My husband and I attended the opening night, and I have been back a second time with my mum and sister. To share such a meaningful part of my life, my healing process with them was a feeling I can’t describe. As they walked around with me I shared these women’s stories, past and present, they were in awe of their courage. Some woman are smiling, even laughing, others are starring into your soul, another crying. Some are living on this earth, some have moved to the next world. I have seen these images before and been touched.

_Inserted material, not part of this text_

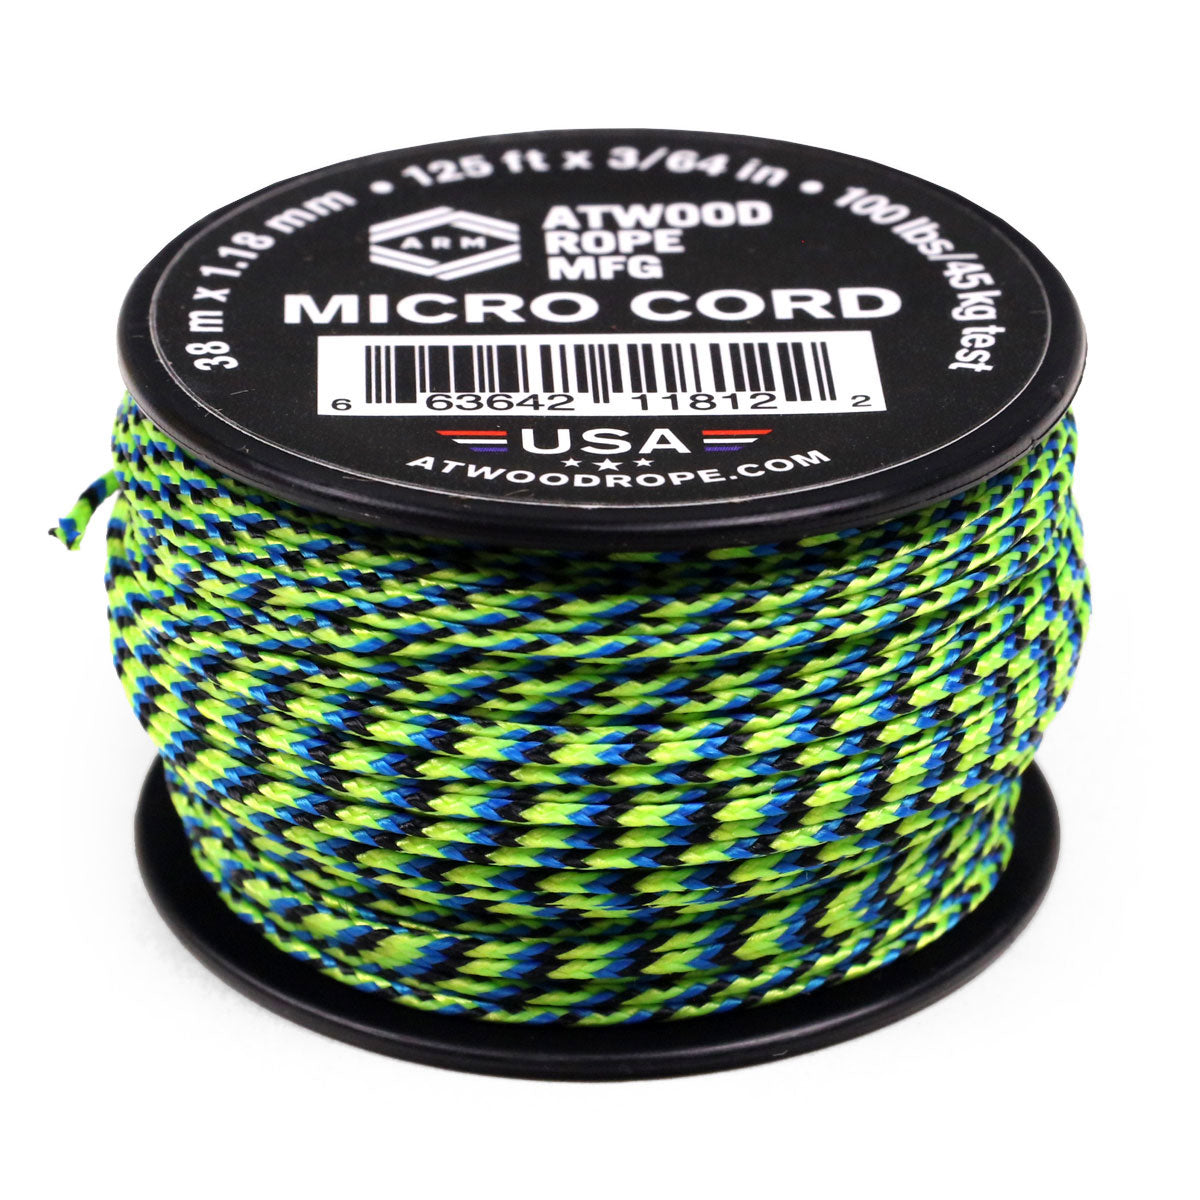 1.18mm Micro Cord - Aquatica – Atwood Rope MFG
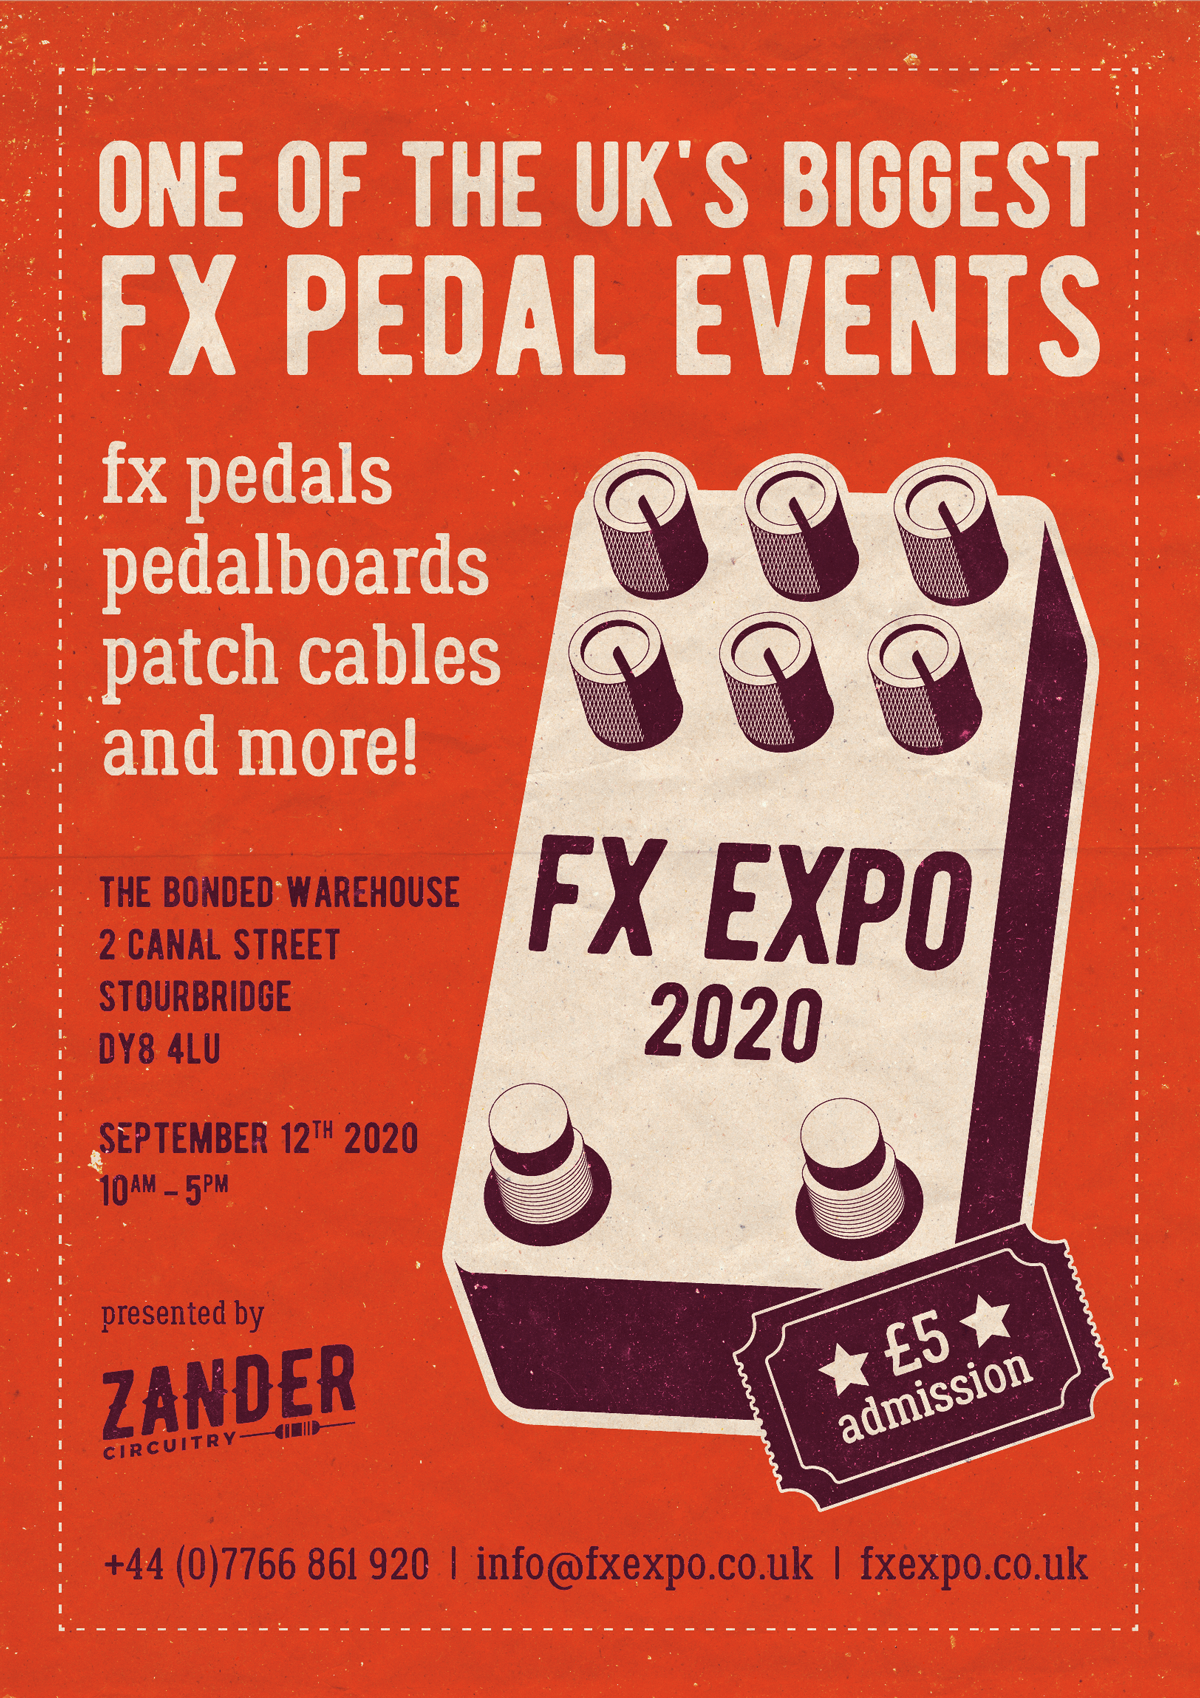 FXEXPO 2020 is coming to Stourbridge!

I look back on 2006 with mixed emotions. I was married, *smiley face. Breast Cancer happened, *sad-angry-confused face. But I feel lucky that I’m starring down the 8 year barrel looking back to what was, having faced the struggles that come with illness, disfigurement, life hurdles, and being a young woman. I never want to meet that C witch again, but l try to take away anything positive I can from this experience—or any tough experience—to learn what I can about myself, and about others. Breast cancer, well, it just was. I feel lucky that I can say that today. I hope I can continue to say that. It just was. It changed much in my life, altered a cruisey path. I am scarred, mostly scars that run flesh deep. But I am here now, living and dreaming.